Mayo Clinic, Rochester, Minnesota.
University of Florida College of Medicine, Gainesville, Florida.
Curr Opin Rheumatol. 2023 Jan 1;35(1):37-43. doi: 10.1097/BOR.0000000000000918. Epub 2022 Nov 9.
To assess the present status of gene therapy for osteoarthritis (OA).
An expanding list of cDNAs show therapeutic activity when introduced into the joints of animals with experimental models of OA. In vivo delivery with adenovirus or adeno-associated virus is most commonly used for this purpose. The list of encoded products includes cytokines, cytokine antagonists, enzymes, enzyme inhibitors, growth factors and noncoding RNA. Elements of CRISPR-Cas have also been delivered to mouse knees to ablate key genes. Several human trials have been initiated, using transgenes encoding transforming growth factor-β1, interleukin-1 receptor antagonist, interferon-β, the NKX3.2 transcription factor or variant interleukin-10. The first of these, using ex vivo delivery with allogeneic chondrocytes, gained approval in Korea which was subsequently retracted. However, it is undergoing Phase III clinical trials in the United States. The other trials are in Phase I or II. No gene therapy for OA has current marketing approval in any jurisdiction.

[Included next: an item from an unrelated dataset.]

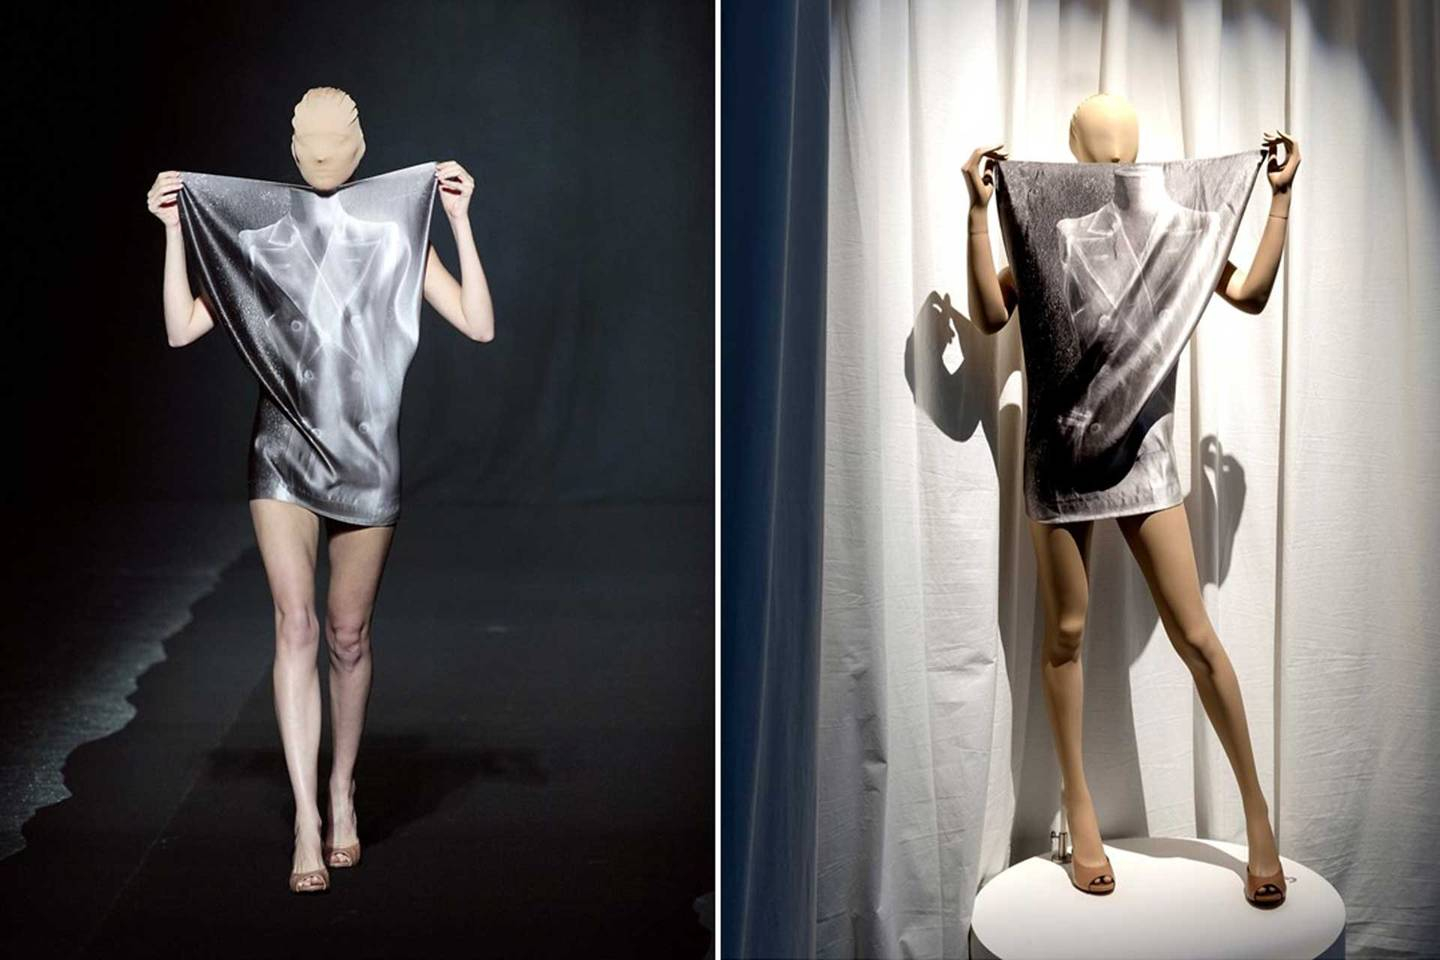 Martin Margielas Poster dress on the runway at his Spring/Summer 2009 collection (left), and on display at the Palais Galliera (Photo: GETTY (LEFT); PALAIS GALLIERA (RIGHT))

Extensive preclinical data support the use of intra-articular gene therapy for treating OA. Translation is beginning to accelerate and six gene therapeutics are in clinical trials. Importantly, venture capital has begun to flow and at least seven companies are developing products. Significant progress in the future can be expected.
评估基因治疗骨关节炎(OA)的现状。
越来越多的 cDNA 在具有 OA 实验模型的动物关节中被引入时显示出治疗活性。为此,最常使用腺病毒或腺相关病毒进行体内传递。编码产物的列表包括细胞因子、细胞因子拮抗剂、酶、酶抑制剂、生长因子和非编码 RNA。CRISPR-Cas 的元件也已被递送至小鼠膝关节以消除关键基因。已经启动了几项人类试验,使用转染因子编码转化生长因子-β1、白细胞介素-1 受体拮抗剂、干扰素-β、NKX3.2 转录因子或变体白细胞介素-10。其中第一个使用同种异体软骨细胞的体外传递获得了韩国的批准,但随后被撤回。然而,它正在美国进行 III 期临床试验。其他试验处于 I 期或 II 期。OA 的基因治疗在任何司法管辖区均未获得当前的营销批准。
广泛的临床前数据支持关节内基因治疗治疗 OA 的应用。转化开始加速,有六种基因疗法正在临床试验中。重要的是,风险资本已经开始流动,至少有七家公司正在开发产品。预计未来会取得重大进展。